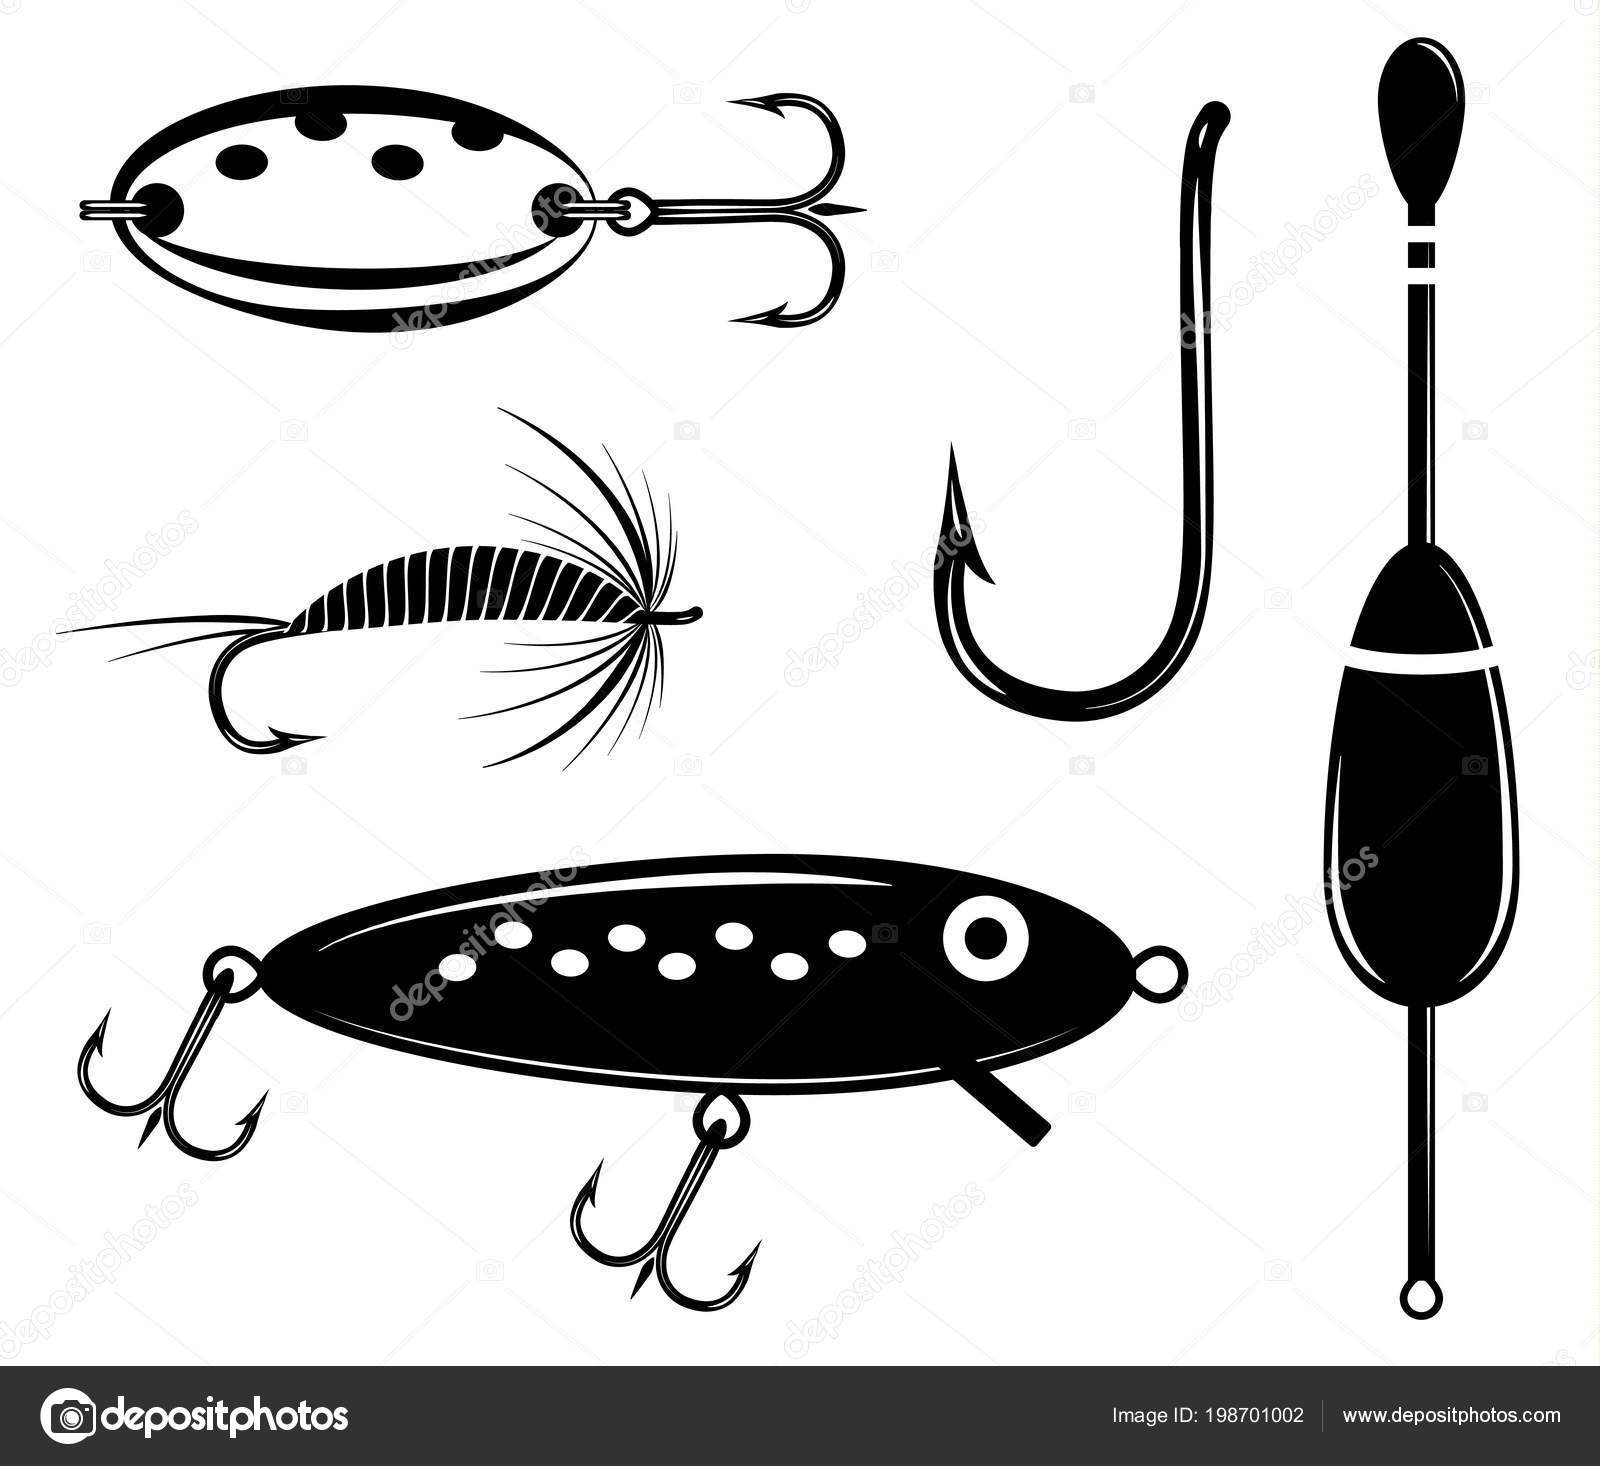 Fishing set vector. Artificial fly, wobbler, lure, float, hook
══════
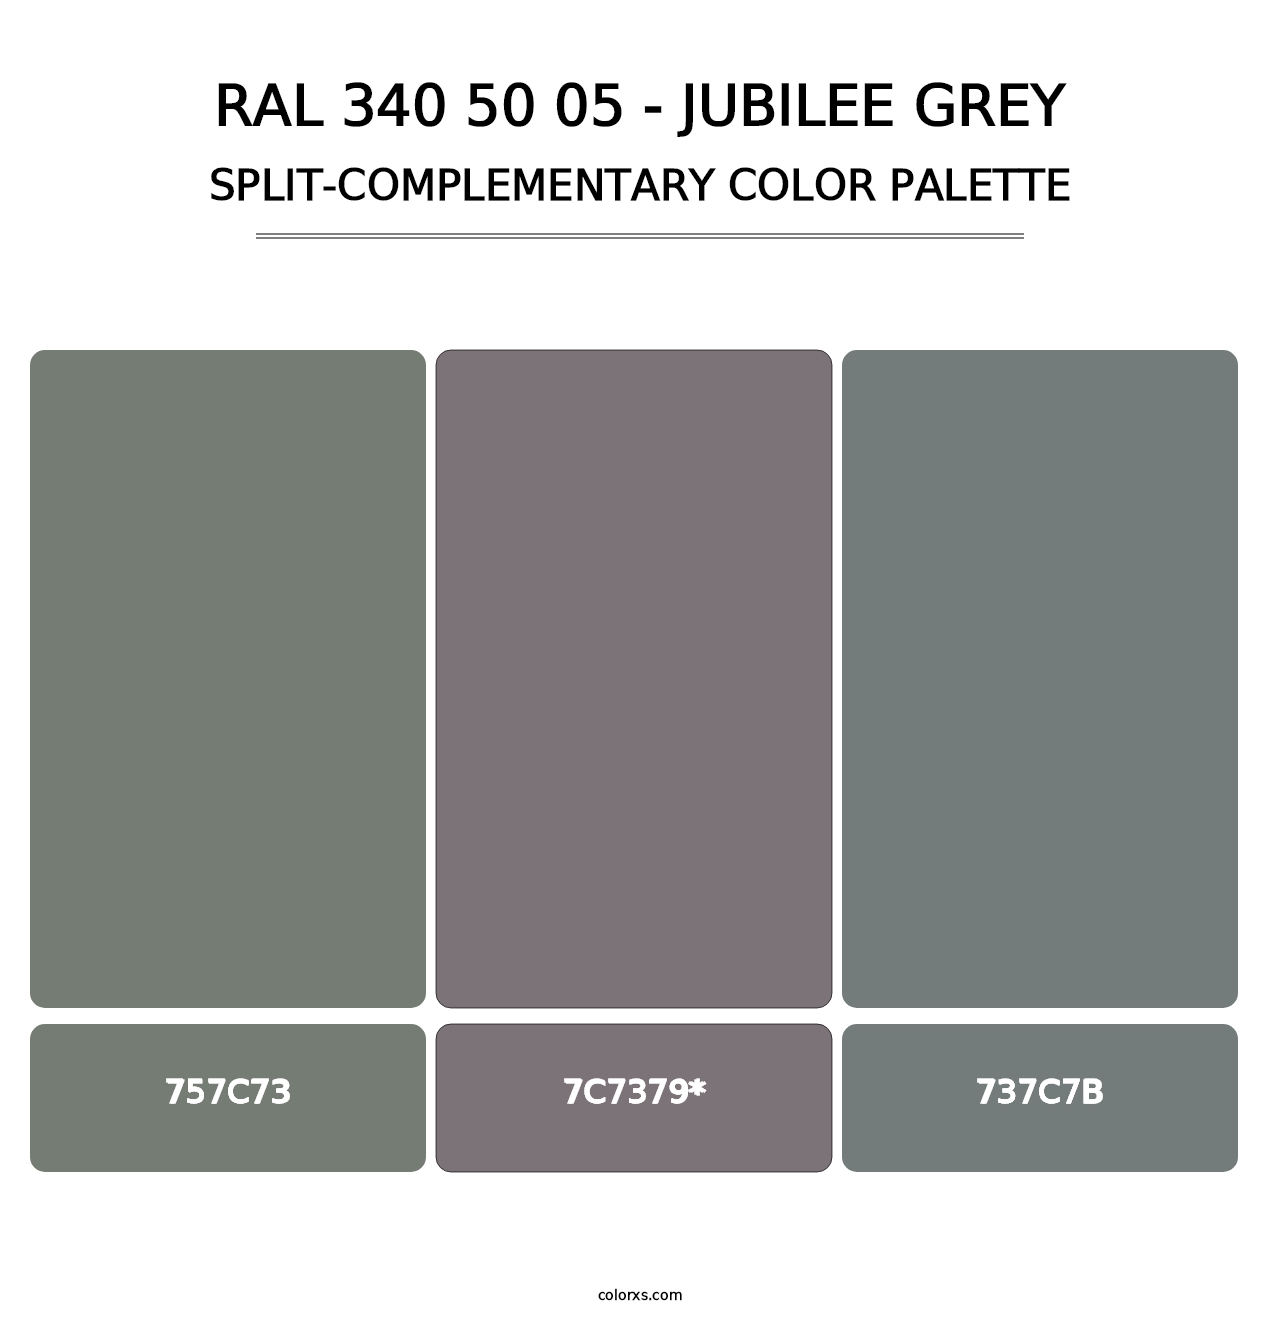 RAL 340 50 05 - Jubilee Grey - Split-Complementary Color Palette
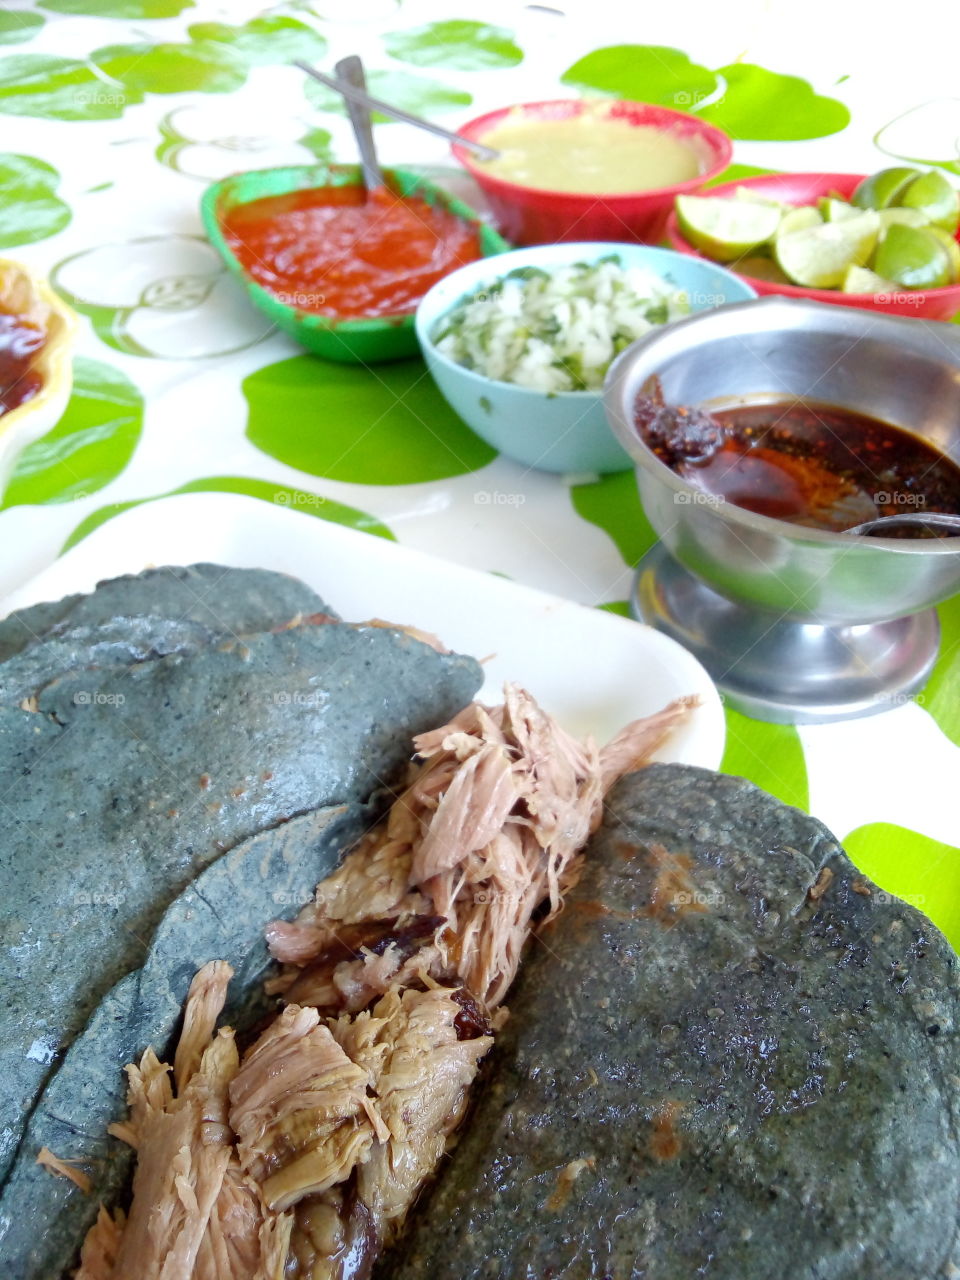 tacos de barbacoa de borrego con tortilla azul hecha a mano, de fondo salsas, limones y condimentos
══════
* **What needs to be done**:
Above are entries with pictures among them. Write out exactly the lines from the one containing "RAL 340 50 05" through the one containing "tacos de barbacoa", ends included, and leave those pictures out.

* **Output for this exercise**:
 RAL 340 50 05 - Jubilee Grey - Split-Complementary Color Palette
 tacos de barbacoa de borrego con tortilla azul hecha a mano, de fondo salsas, limones y condimentos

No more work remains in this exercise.